TASK DIRECTIONS: Exact repetition of a range: find the line containing "ساعة بيتيت يورك ار جي بيضاء 32 ملم" and the line containing "argot-ou-la-maison-mobile-landscape-ex-polveriera-1" in the material below, then repeat both and all lines between them, leaving pictures out.

DATA PROVIDED:
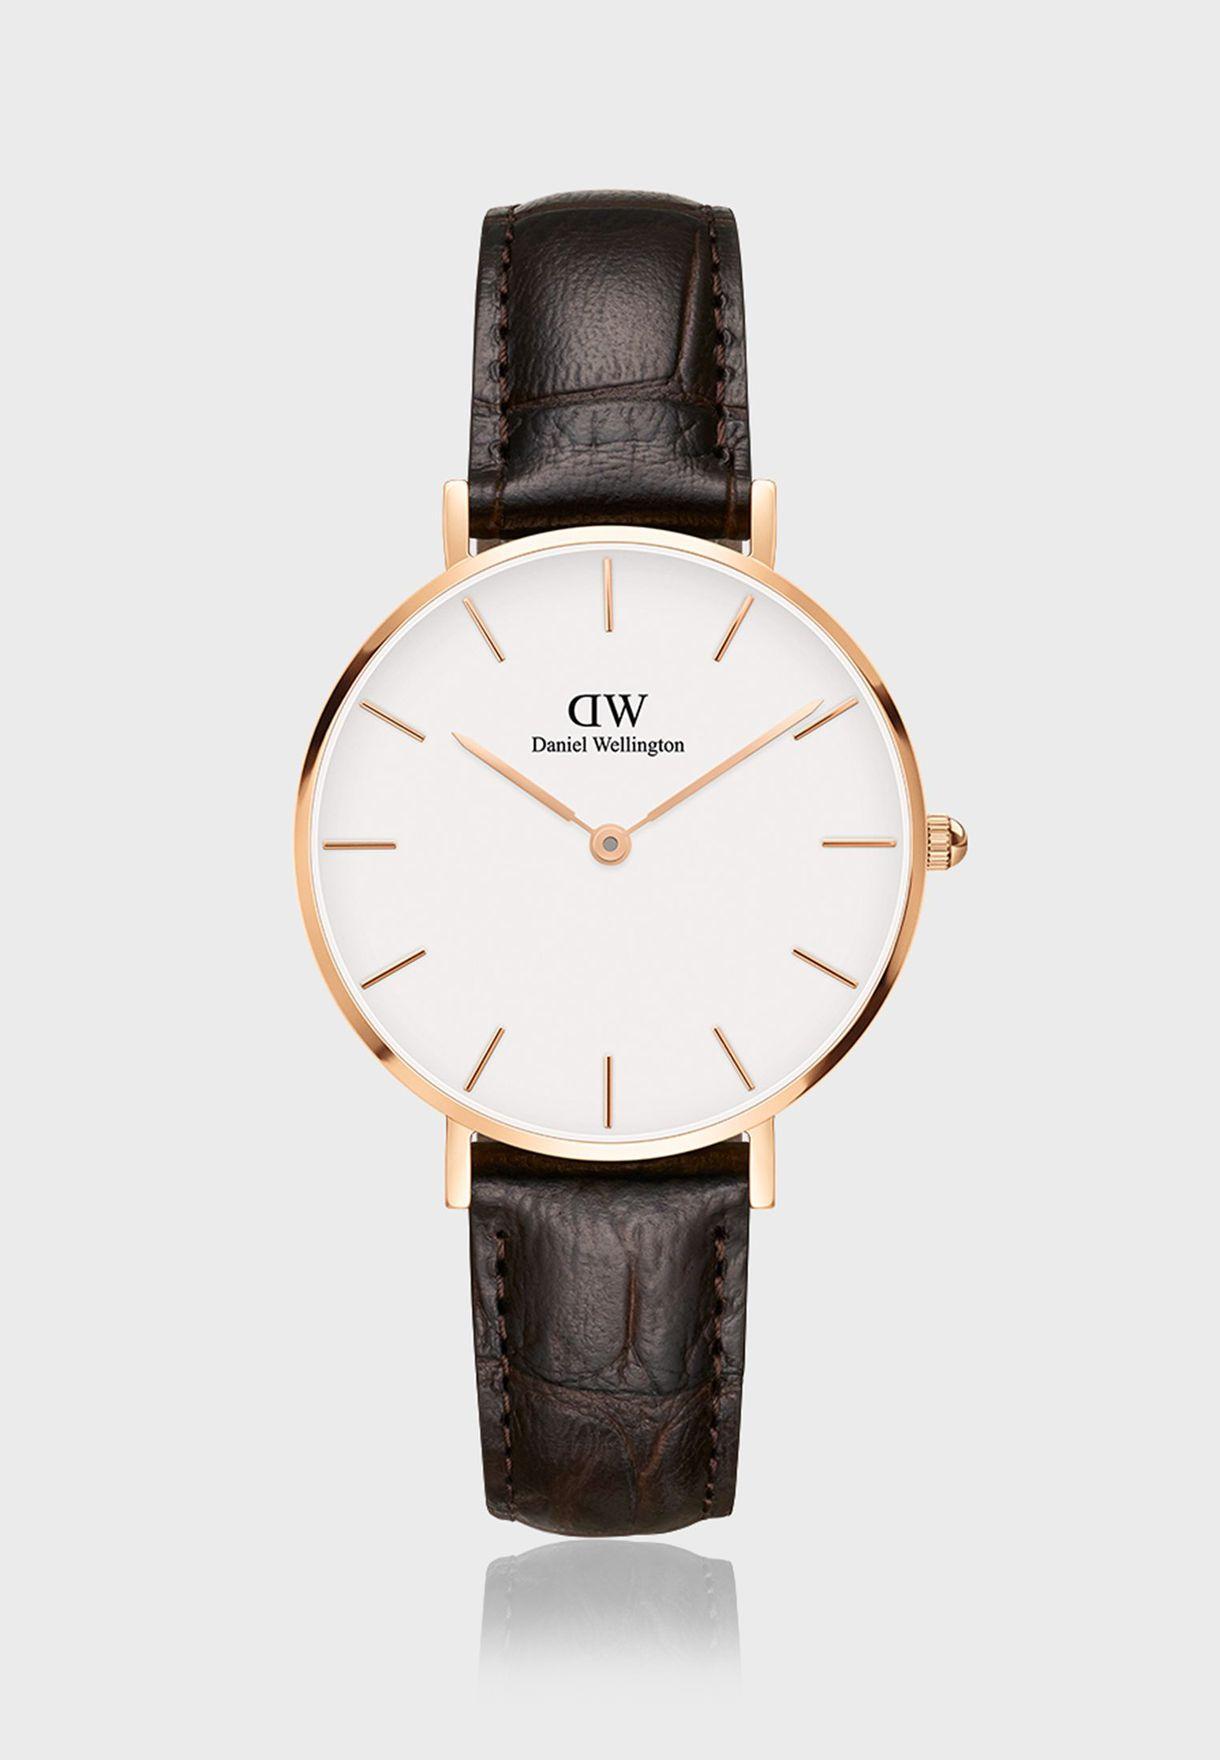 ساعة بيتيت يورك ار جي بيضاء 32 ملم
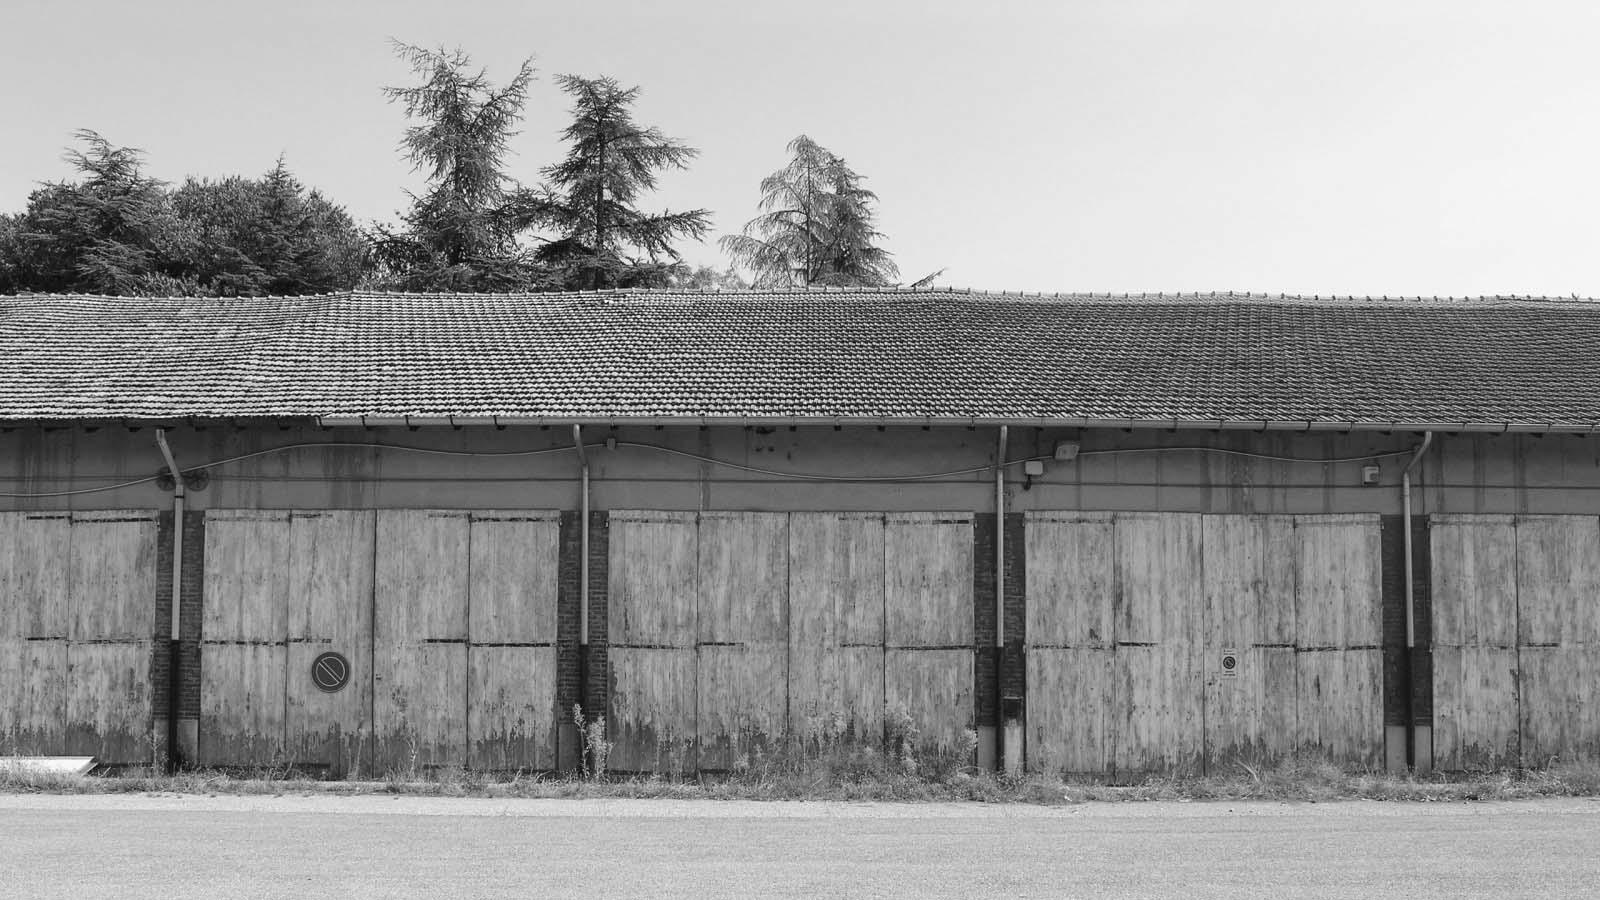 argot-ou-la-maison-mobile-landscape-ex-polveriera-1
--
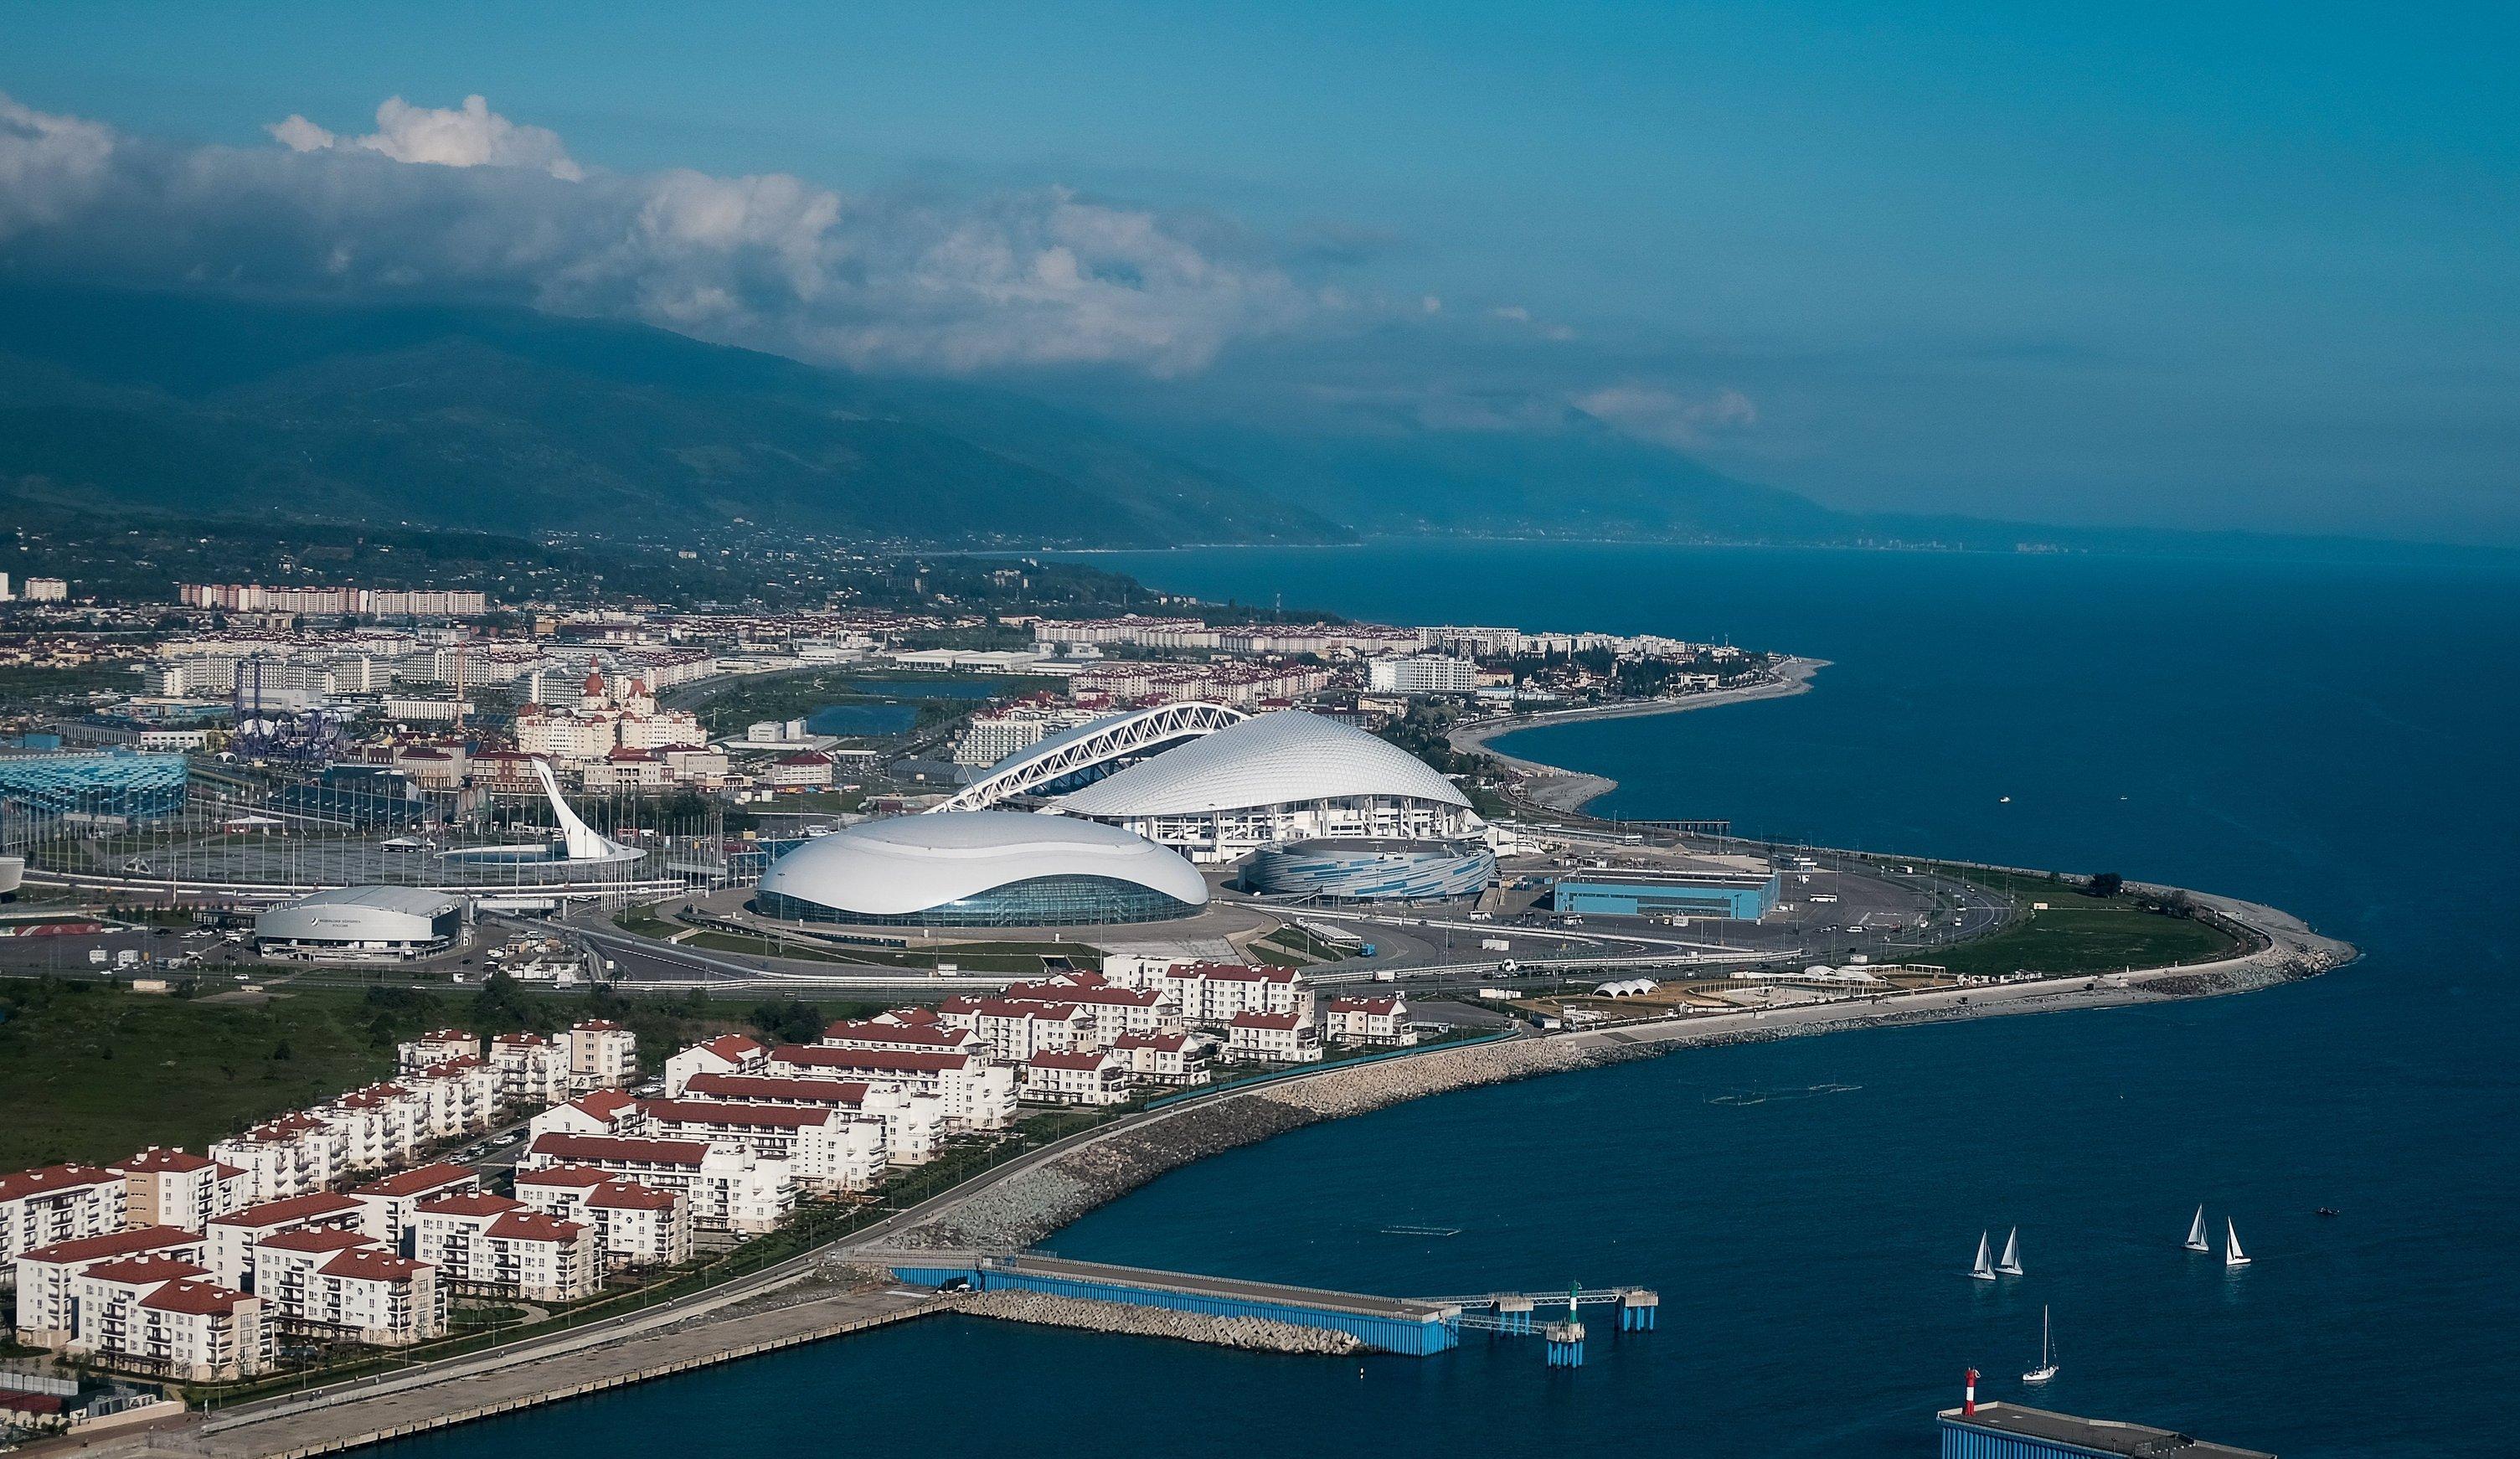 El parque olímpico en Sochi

ANSWER TO THIS TASK:
 ساعة بيتيت يورك ار جي بيضاء 32 ملم
 argot-ou-la-maison-mobile-landscape-ex-polveriera-1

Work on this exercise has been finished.